=== Directions for this task ===
Pictures in the entries below are excluded; copy only the lines from the one containing "Quick Setup screen." to the one containing "The warm glow", both included.

=== Extracted records ===
§
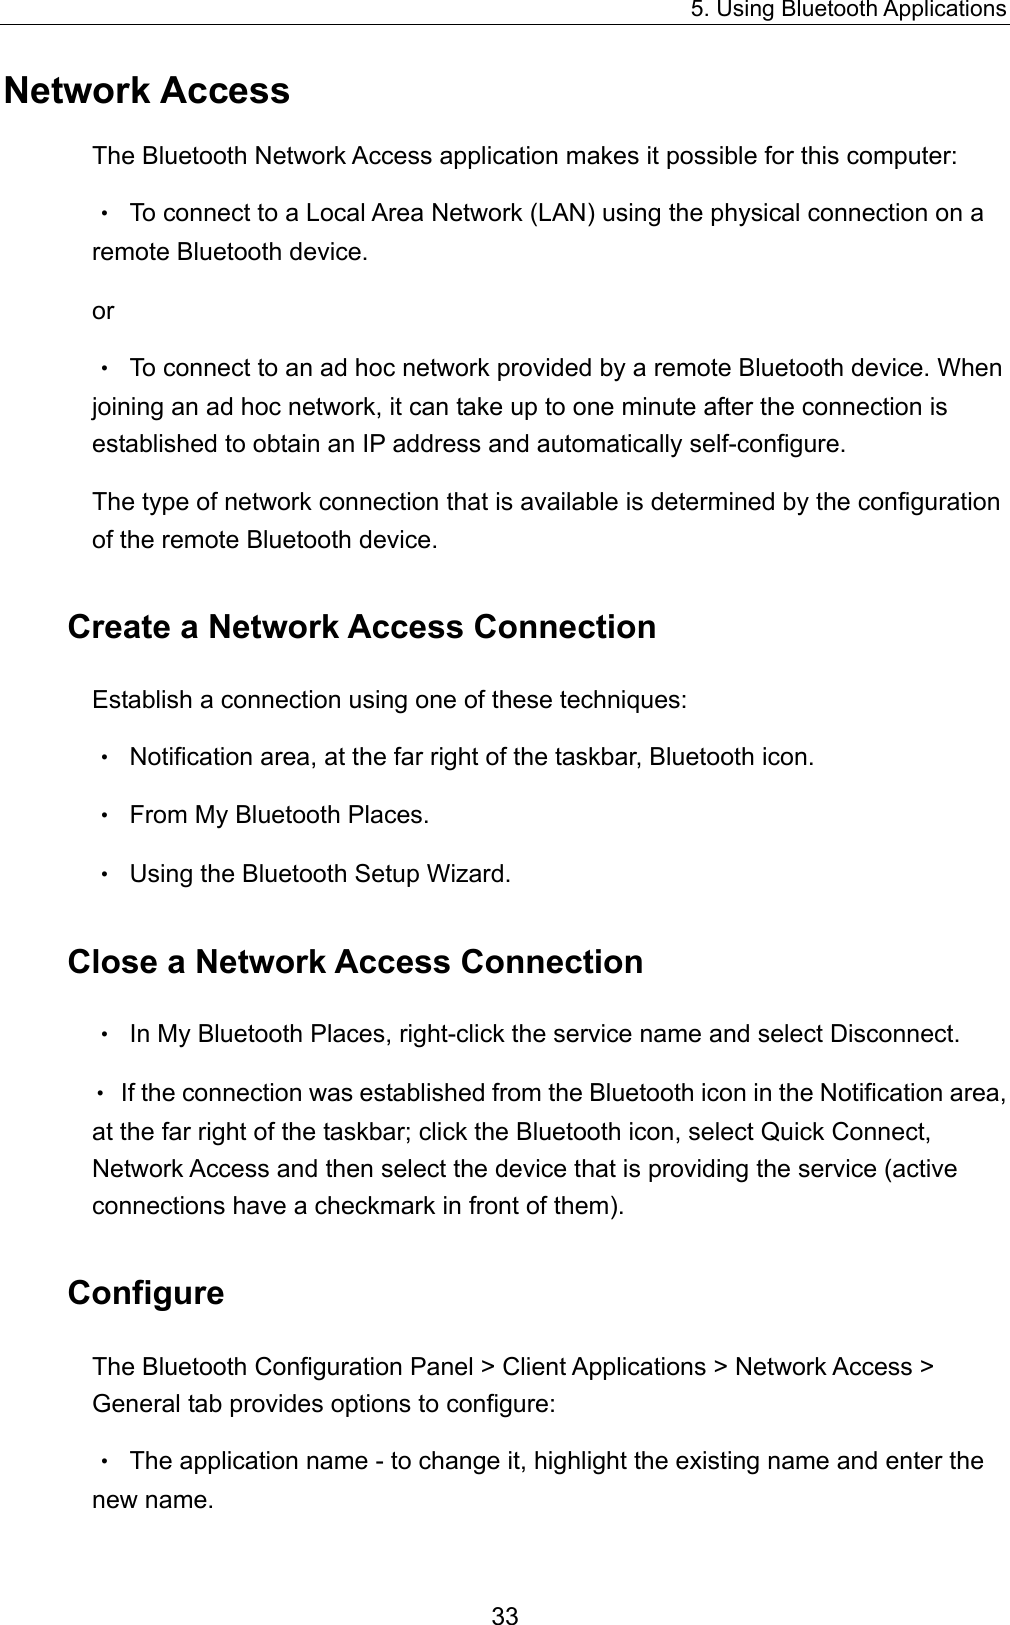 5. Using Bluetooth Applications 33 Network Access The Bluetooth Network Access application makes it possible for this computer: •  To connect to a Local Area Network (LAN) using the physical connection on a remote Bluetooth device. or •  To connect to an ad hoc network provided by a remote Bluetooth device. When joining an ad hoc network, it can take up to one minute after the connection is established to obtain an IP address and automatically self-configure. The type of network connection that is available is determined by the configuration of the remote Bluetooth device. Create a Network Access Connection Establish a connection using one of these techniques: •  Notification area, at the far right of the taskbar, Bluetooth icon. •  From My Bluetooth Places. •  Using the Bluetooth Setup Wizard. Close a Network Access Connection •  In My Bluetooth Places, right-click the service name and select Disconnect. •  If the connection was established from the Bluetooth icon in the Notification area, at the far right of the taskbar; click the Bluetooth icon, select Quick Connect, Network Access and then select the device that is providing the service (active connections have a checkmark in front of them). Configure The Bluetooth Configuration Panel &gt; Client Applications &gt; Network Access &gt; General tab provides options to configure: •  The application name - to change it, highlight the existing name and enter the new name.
§
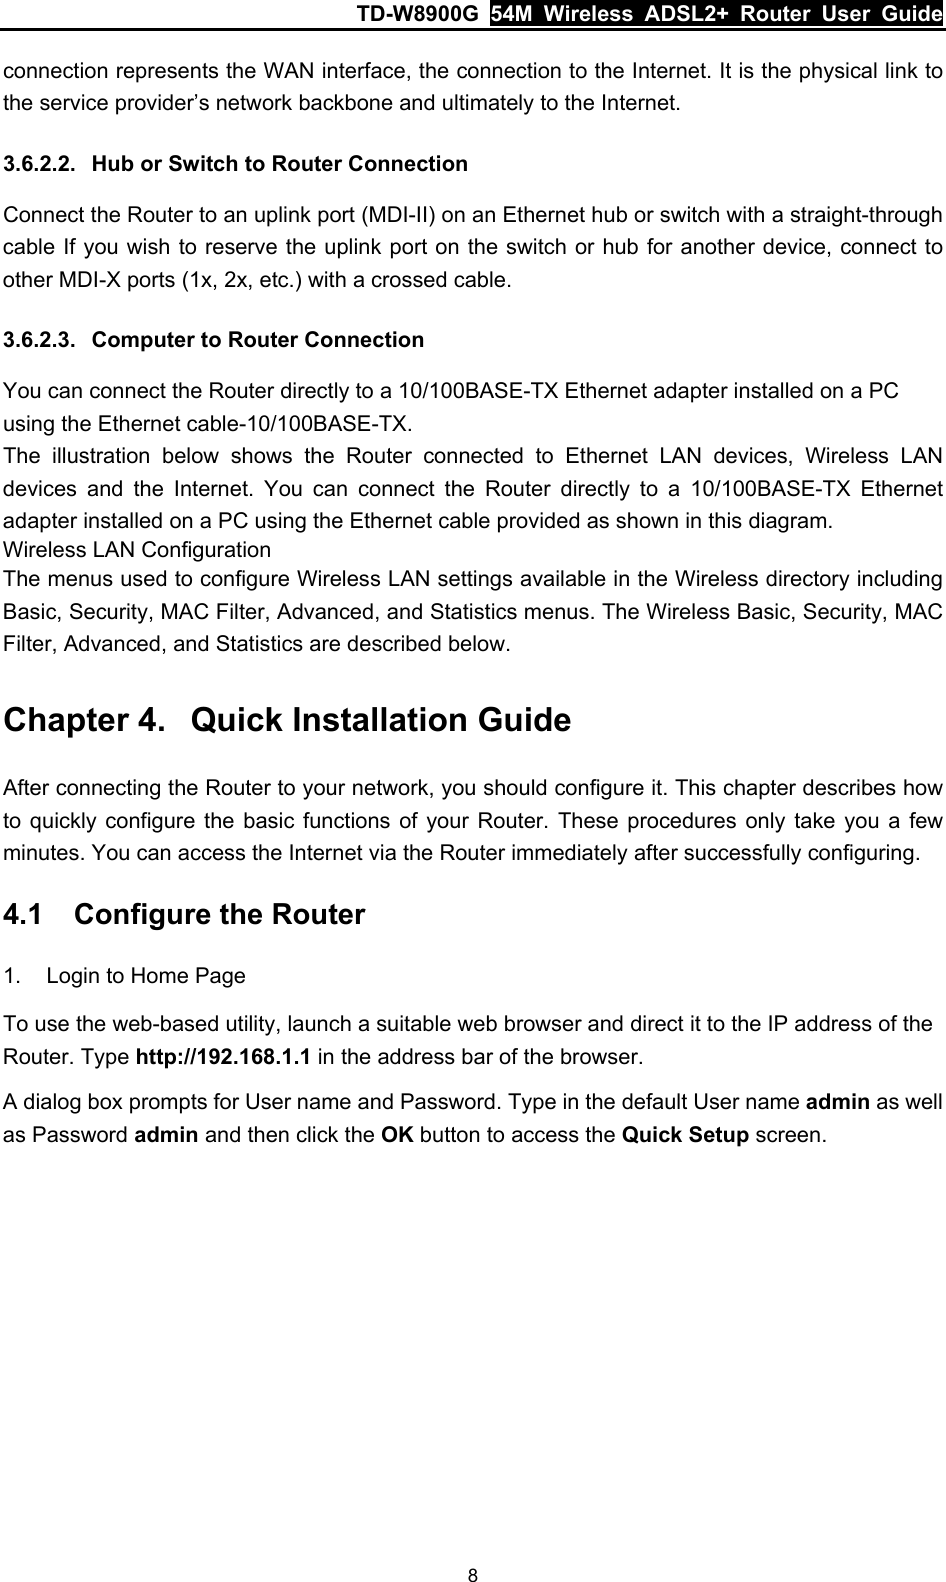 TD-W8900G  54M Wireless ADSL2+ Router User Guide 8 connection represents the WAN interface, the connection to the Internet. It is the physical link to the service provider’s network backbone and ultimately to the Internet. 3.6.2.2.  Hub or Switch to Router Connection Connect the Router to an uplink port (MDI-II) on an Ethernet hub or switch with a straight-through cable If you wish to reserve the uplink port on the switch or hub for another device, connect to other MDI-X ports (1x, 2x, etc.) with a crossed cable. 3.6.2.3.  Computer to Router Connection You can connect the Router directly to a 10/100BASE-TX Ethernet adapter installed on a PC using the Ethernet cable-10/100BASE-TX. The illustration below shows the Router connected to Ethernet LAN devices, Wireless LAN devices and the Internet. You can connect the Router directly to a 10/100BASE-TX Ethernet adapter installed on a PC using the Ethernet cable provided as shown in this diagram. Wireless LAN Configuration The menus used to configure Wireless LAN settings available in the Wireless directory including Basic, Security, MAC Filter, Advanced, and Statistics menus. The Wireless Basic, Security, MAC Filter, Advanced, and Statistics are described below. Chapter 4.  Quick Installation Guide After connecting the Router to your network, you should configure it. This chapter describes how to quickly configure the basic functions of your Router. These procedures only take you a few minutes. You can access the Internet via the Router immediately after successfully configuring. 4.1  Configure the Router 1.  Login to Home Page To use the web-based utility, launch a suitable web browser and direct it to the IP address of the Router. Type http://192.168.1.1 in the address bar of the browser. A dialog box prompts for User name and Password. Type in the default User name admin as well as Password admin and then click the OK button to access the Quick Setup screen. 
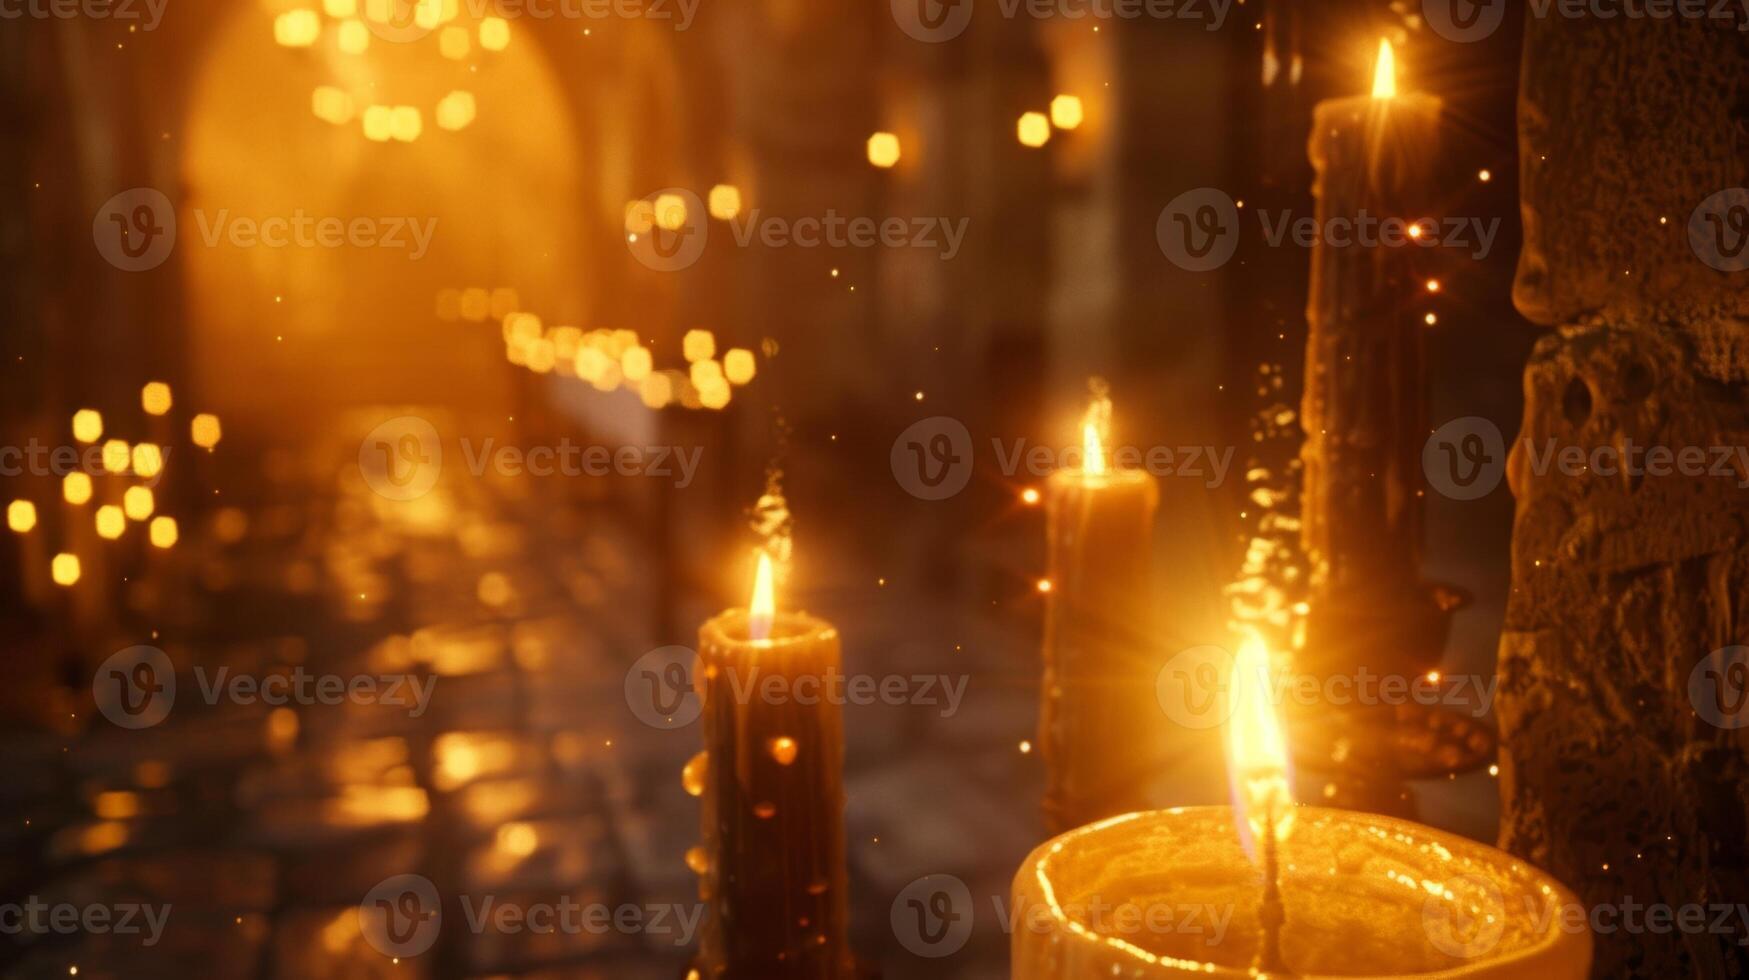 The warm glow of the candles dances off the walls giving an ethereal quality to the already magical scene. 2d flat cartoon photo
§
=== Answer section ===
 TD-W8900G  54M Wireless ADSL2+ Router User Guide 8 connection represents the WAN interface, the connection to the Internet. It is the physical link to the service provider’s network backbone and ultimately to the Internet. 3.6.2.2.  Hub or Switch to Router Connection Connect the Router to an uplink port (MDI-II) on an Ethernet hub or switch with a straight-through cable If you wish to reserve the uplink port on the switch or hub for another device, connect to other MDI-X ports (1x, 2x, etc.) with a crossed cable. 3.6.2.3.  Computer to Router Connection You can connect the Router directly to a 10/100BASE-TX Ethernet adapter installed on a PC using the Ethernet cable-10/100BASE-TX. The illustration below shows the Router connected to Ethernet LAN devices, Wireless LAN devices and the Internet. You can connect the Router directly to a 10/100BASE-TX Ethernet adapter installed on a PC using the Ethernet cable provided as shown in this diagram. Wireless LAN Configuration The menus used to configure Wireless LAN settings available in the Wireless directory including Basic, Security, MAC Filter, Advanced, and Statistics menus. The Wireless Basic, Security, MAC Filter, Advanced, and Statistics are described below. Chapter 4.  Quick Installation Guide After connecting the Router to your network, you should configure it. This chapter describes how to quickly configure the basic functions of your Router. These procedures only take you a few minutes. You can access the Internet via the Router immediately after successfully configuring. 4.1  Configure the Router 1.  Login to Home Page To use the web-based utility, launch a suitable web browser and direct it to the IP address of the Router. Type http://192.168.1.1 in the address bar of the browser. A dialog box prompts for User name and Password. Type in the default User name admin as well as Password admin and then click the OK button to access the Quick Setup screen. 
 The warm glow of the candles dances off the walls giving an ethereal quality to the already magical scene. 2d flat cartoon photo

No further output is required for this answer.